Просвещенный министр, некогда состоявший в добрых отношениях с
Пестелем, был сторонником освобождения крестьян с землей. Недаром за глаза
называли его Пугачевым - набрав в свой "штаб" людей образованных и
передовых, Киселев с рвением принялся за отработку средств будущей
эмансипации.
В таком-то учреждении пришлось начать службу Алексею Писемскому. Он
пришел сюда с мыслью о том, чтобы облегчить жизнь "государственным
имуществам" (ведь мужики-то и входили, главным образом, в это понятие). Но
университетский идеализм, мечты о некоем всесословном служении очень быстро
пришли в противоречие со скучной действительностью. Во-первых, слишком уж
мал был Писемский и чином и влиянием, чтобы хоть как-то воздействовать на
ход дел. Во-вторых, общая атмосфера в присутствии не соответствовала его
книжным представлениям о государственной службе. Шутки молодых зубастых
елистратишек и губернских секретарей над стариком экзекутором. Сплетни.

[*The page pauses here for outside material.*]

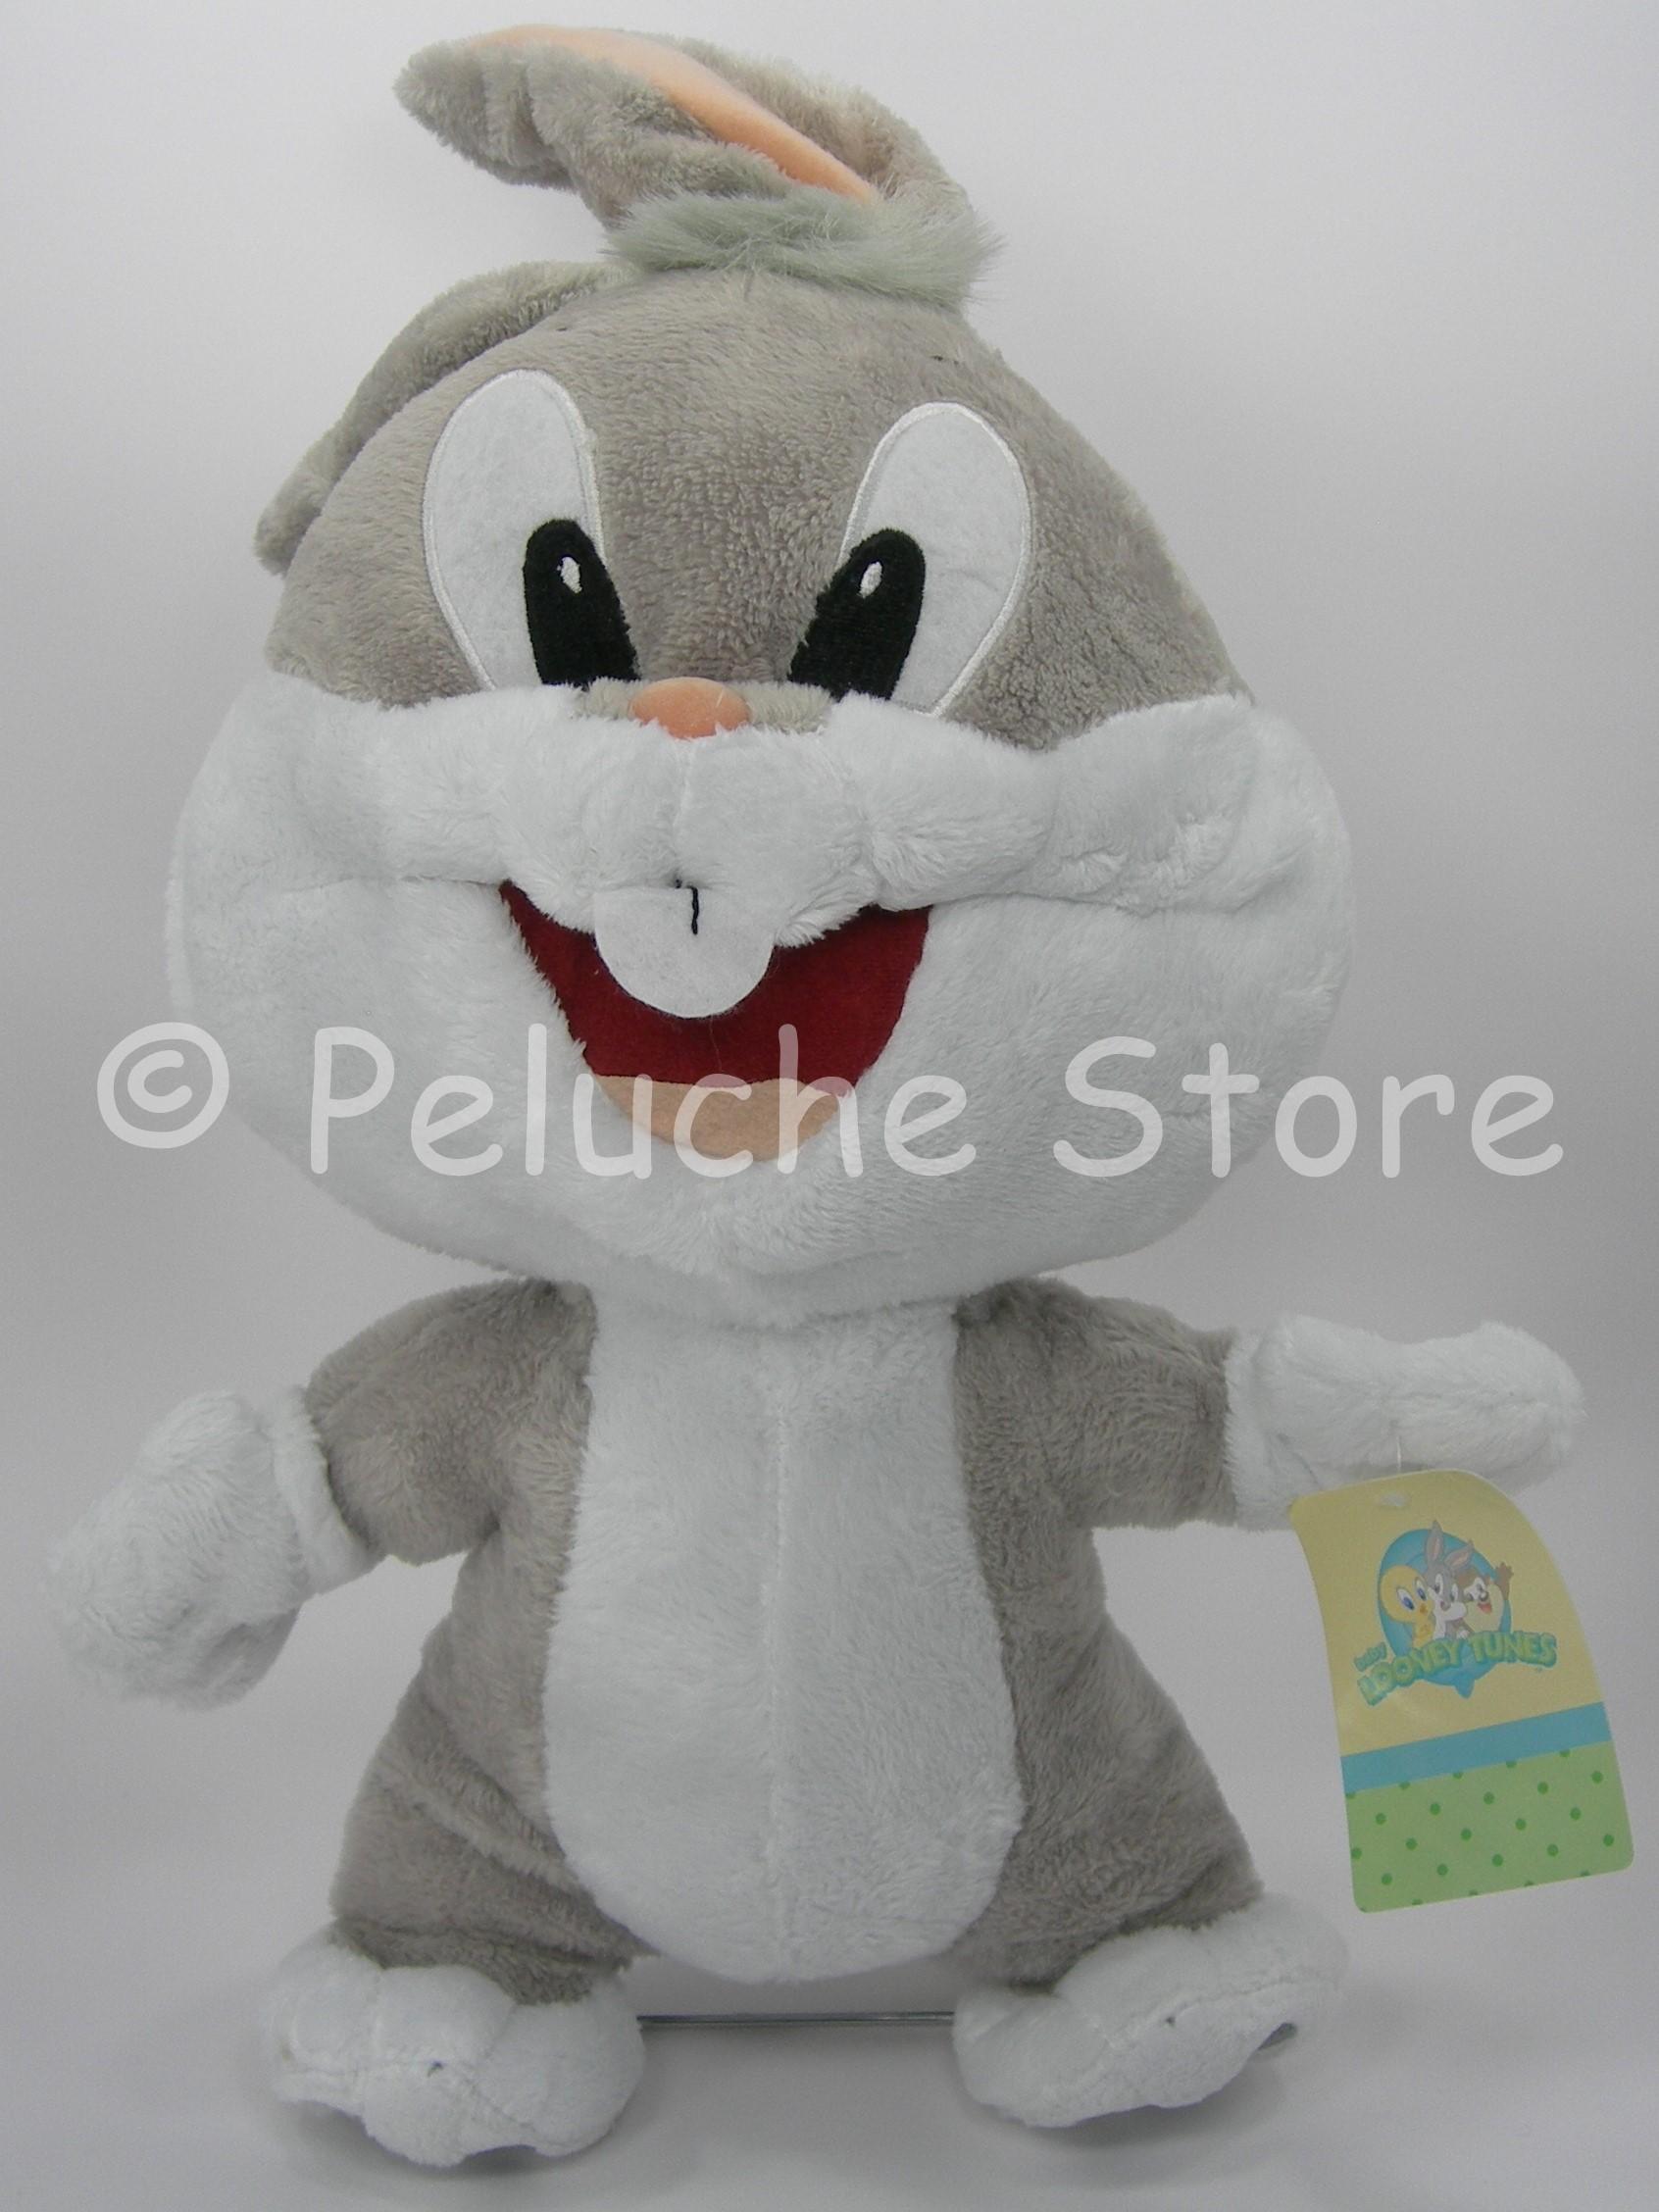 Baby Looney Tunes Bugs Bunny Peluche 35 cm velluto Coniglio Originale

Читка вслух новостей из "Пчелки" или глубокомысленных наставлений "О
сохранении зубов и волосов", "О воде, рассматриваемой как напиток", что
помещались в неофициальной части "Губернских ведомостей".
А само так называемое служение! Впору завыть было от тоски, когда
неделями приходилось вести какое-нибудь дело о растрате общественных хлебных
запасов. Похитчики маскировали преступление усушкою и мышеедом. Приходилось
искать свидетелей, кои могли бы опровергнуть ложь, кои присутствовали при
заполнении мерных закромов. Но воры оказывались увертливыми: на замечание о
том, что по распоряжению министерства в видах правильного сбережения запасов
и предохранения хлеба от мышееда велено было завести в потребном количестве
кошек, а поверх зерна класть ольховый лист, высоким начальством признанный
для мышей губительным - в ответ на это хитители возражали, что кошки из-за
холода и темноты в магазины нейдут, а относительно ольхового листа говорили,
будто, когда его не было, мыши, поев, уходили, при оном же оставались
навсегда, устраивали в нем гнезда и выводили потомство.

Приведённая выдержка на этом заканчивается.